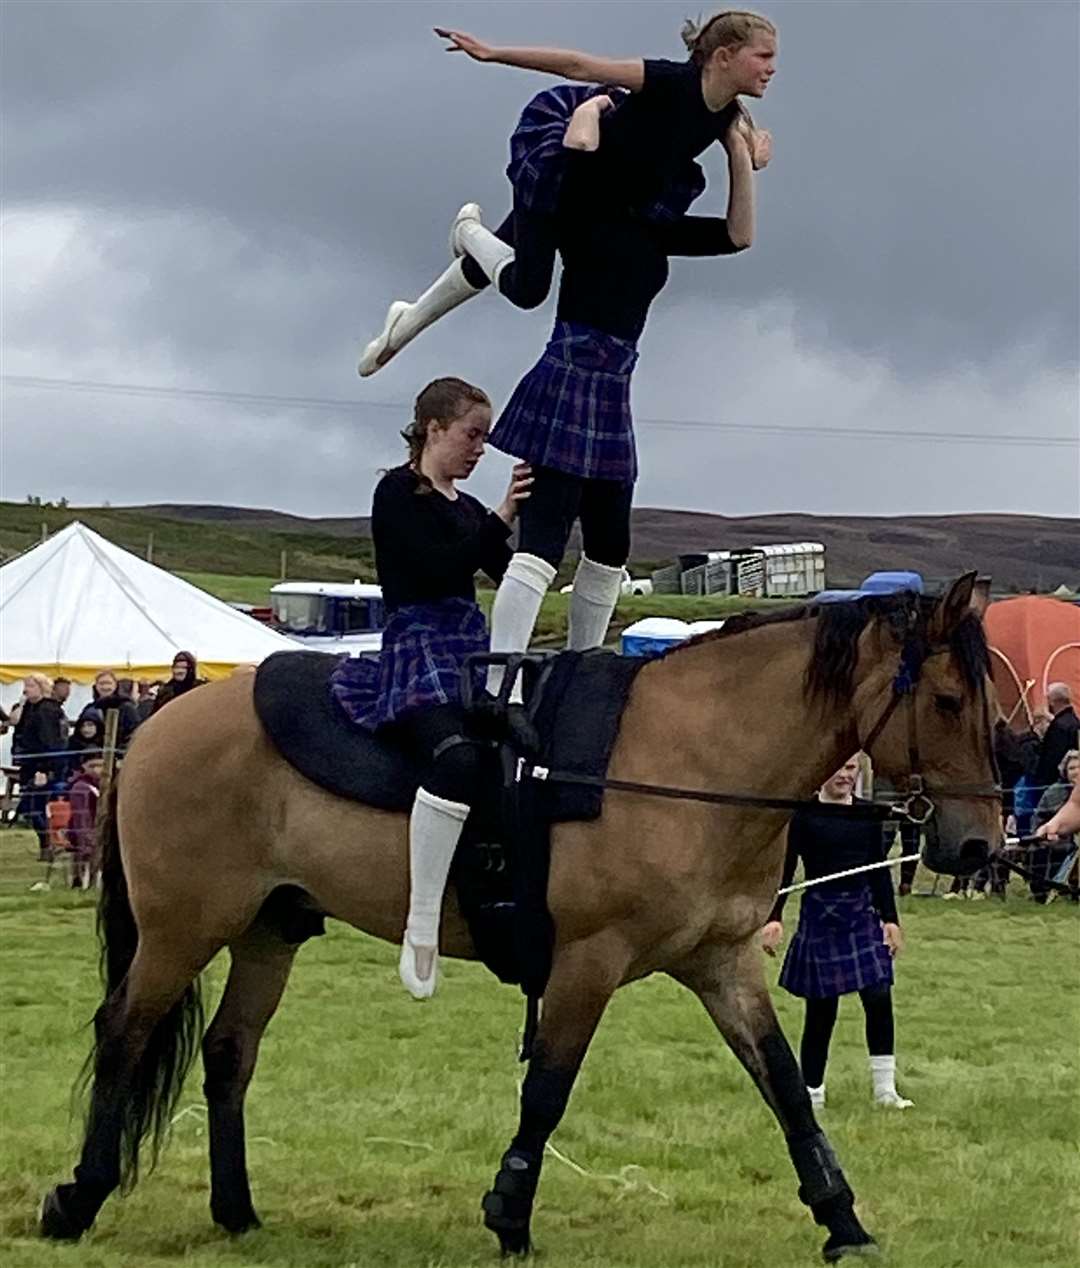 Riders of the Storm, an equestrian stunt team from Perthshire, wowed the crowd.
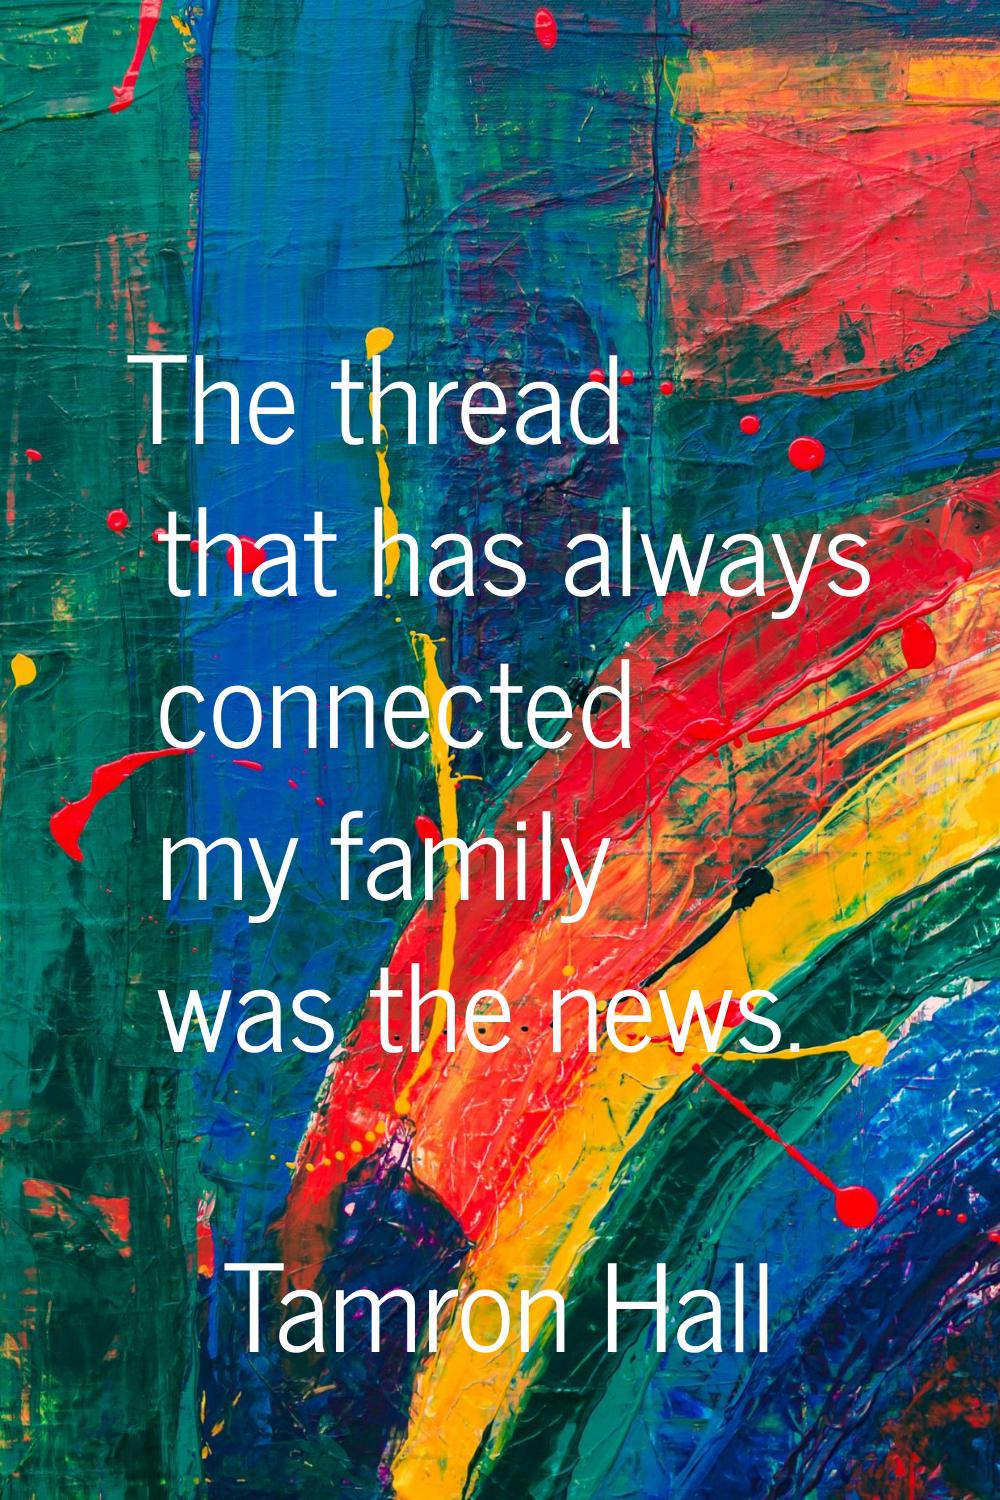 The thread that has always connected my family was the news.
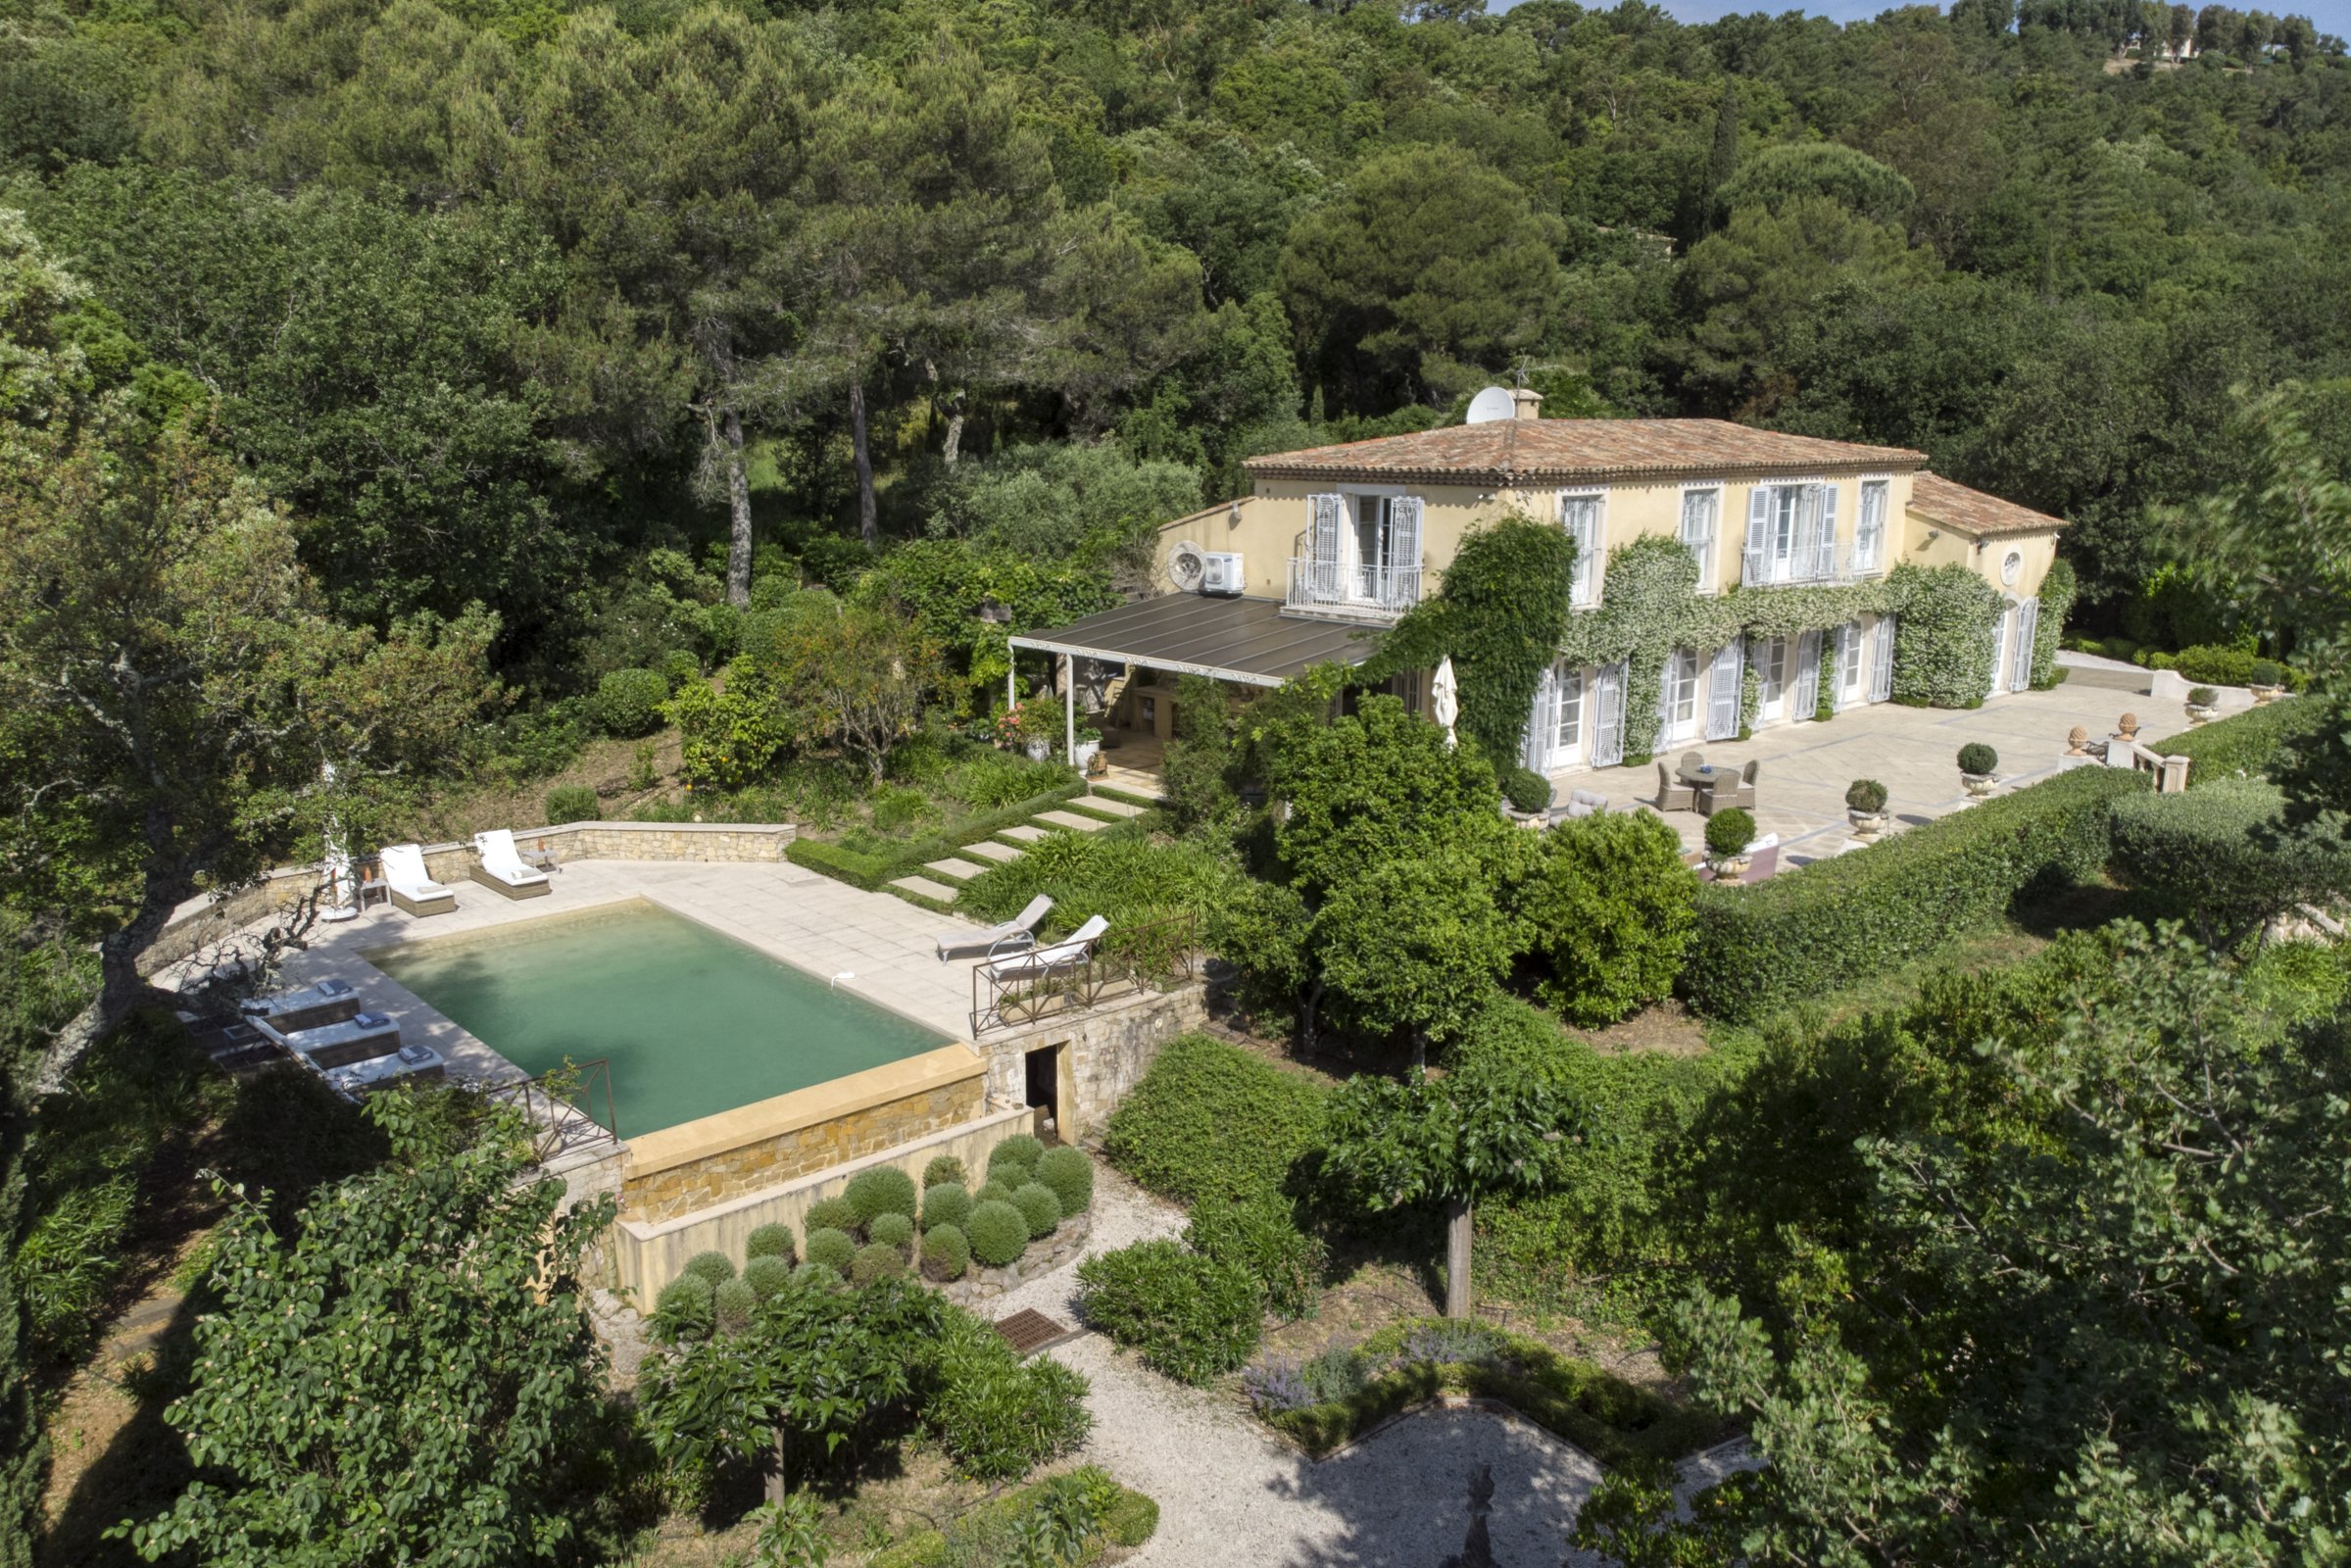 Francis York Provencal Villa in the Hills Above the Gulf of Saint-Tropez00001.jpeg

=======

■ WHAT TO DO:
Pictures are not part of the copy; retype all the other material exactly.

■ ANSWER SECTION:
 Riders of the Storm, an equestrian stunt team from Perthshire, wowed the crowd.
 The thread that has always connected my family was the news.
 Francis York Provencal Villa in the Hills Above the Gulf of Saint-Tropez00001.jpeg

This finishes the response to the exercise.